This material weakness did not result in a material misstatement to the annual or interim consolidated financial statements. However, this material weakness could impact the effectiveness of IT-dependent controls (such as automated controls that address the risk of material misstatement to one or more assertions, along with the IT controls and underlying data that support the effectiveness of system-generated data and reports) that could result in a misstatement impacting account balances or disclosures that would result in a material misstatement to the annual or interim consolidated financial statements that would not be prevented or detected.
Remediation Efforts to Address the Material Weakness
To date, we made continued progress on our comprehensive remediation plan related to this material weakness by implementing the following controls and procedures:
•The Company modified its system access rights to limit the use of generic IDs, particularly in instances where those ID's possessed privileged access rights; and
•The Company effectively designed and implemented a full recertification of AX user access rights.
To fully address the remediation of deficiencies related to segregation of duties, we will need to fully remediate the deficiencies regarding systems access.

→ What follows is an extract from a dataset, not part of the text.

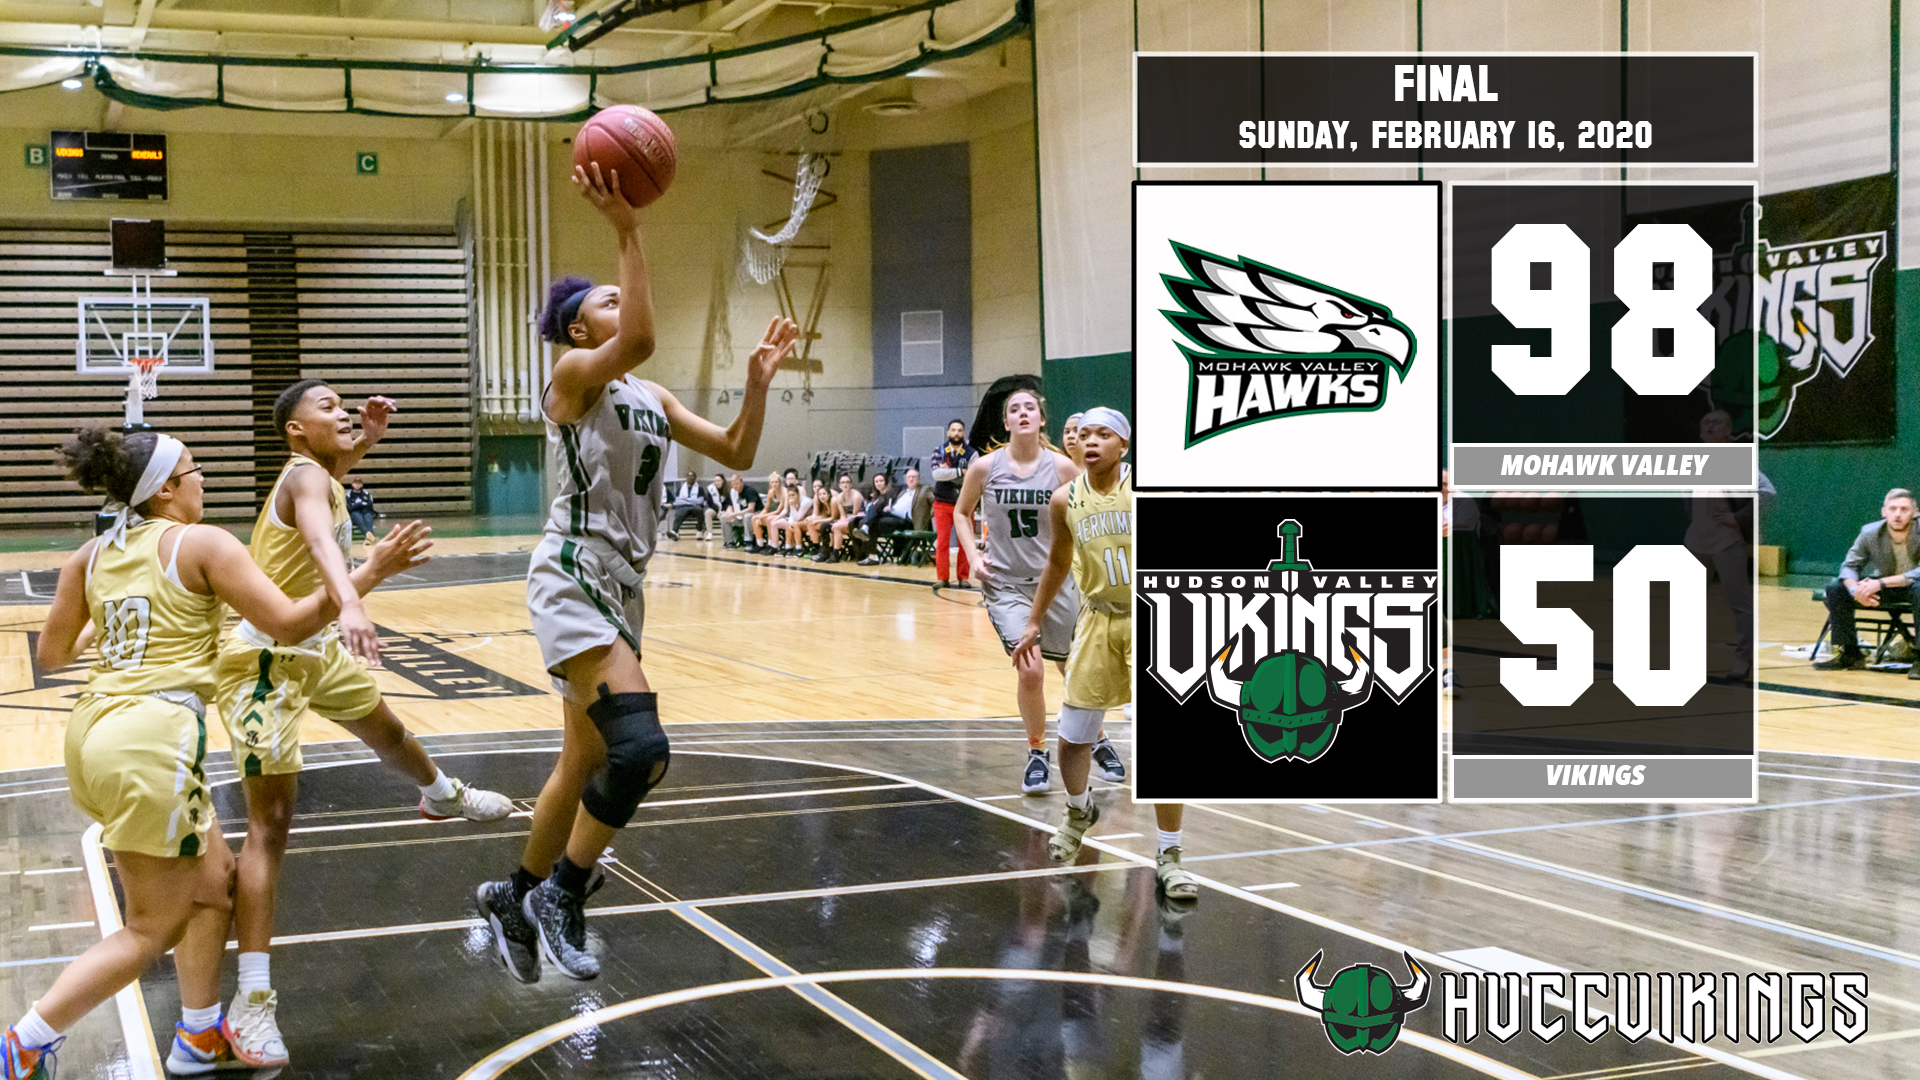 Women's basketball defeated by Mohawk Valley 98-50 on Feb. 16, 2020.

Management continues to follow a comprehensive remediation plan to fully address this material weakness. The remediation plan includes implementing and effectively operating controls related to the routine reviews of user system access and user re-certifications, inclusive of those related to users with privileged access, as well as to ensure user's access rights to systems are removed timely upon termination.
While we have reported a material weakness that is not yet remediated, we believe we have made continued progress in addressing financial, compliance, and operational risks and improving controls across the Company. Until the material weakness is remediated, we will continue to perform additional analysis, substantive testing, and other post-closing procedures to ensure that our consolidated financial statements are prepared in accordance with U.S. GAAP.
36
Limitations on the Effectiveness of Disclosure Controls and Procedures
A control system, no matter how well conceived and operated, can provide only reasonable, not absolute, assurance that the objectives of the control system are met. Because of inherent limitations, internal control over financial reporting may not prevent or detect misstatements. Accordingly, our disclosure controls and procedures are designed to provide reasonable, not absolute, assurance that the objectives of our disclosure system are met. Also, projections of any evaluation of effectiveness to future periods are subject to the risk that controls may become inadequate because of changes in conditions, or that the degree of compliance with the policies or procedures may deteriorate.
Changes in Internal Control over Financial Reporting
There were no changes in our internal control over financial reporting (as defined in Rules 13a-15(f) and 15d-15(f) under the Exchange Act) that occurred during the fiscal quarter ended October 28, 2023 that have materially affected, or are reasonably likely to materially affect, our internal control over financial reporting.
PART II. OTHER INFORMATION
ITEM 1. LEGAL PROCEEDINGS
We are a party to legal proceedings, compliance matters, environmental, as well as wage and hour and other labor claims that arise in the ordinary course of our business. Although the outcome of such items cannot be determined with certainty, we believe that the ultimate outcome of these items, individually and in the aggregate will not have a material adverse impact on our financial position, results of operations or cash flows.
ITEM 1A. RISK FACTORS
The risk factors disclosed in the Company's 2022 Annual Report on Form 10-K, in addition to the other information set forth in this Quarterly Report on Form 10-Q, could materially affect the Company's business, financial condition or results.
The section in the Company's 2022 Annual Report on Form 10-K titled "Risks Related to our Business and Industry" is replaced in its entirety by the following:
Risks Related to Our Business and Industry
The failure to maintain our license agreement relating to the Vince brand would cause us to lose all our revenues.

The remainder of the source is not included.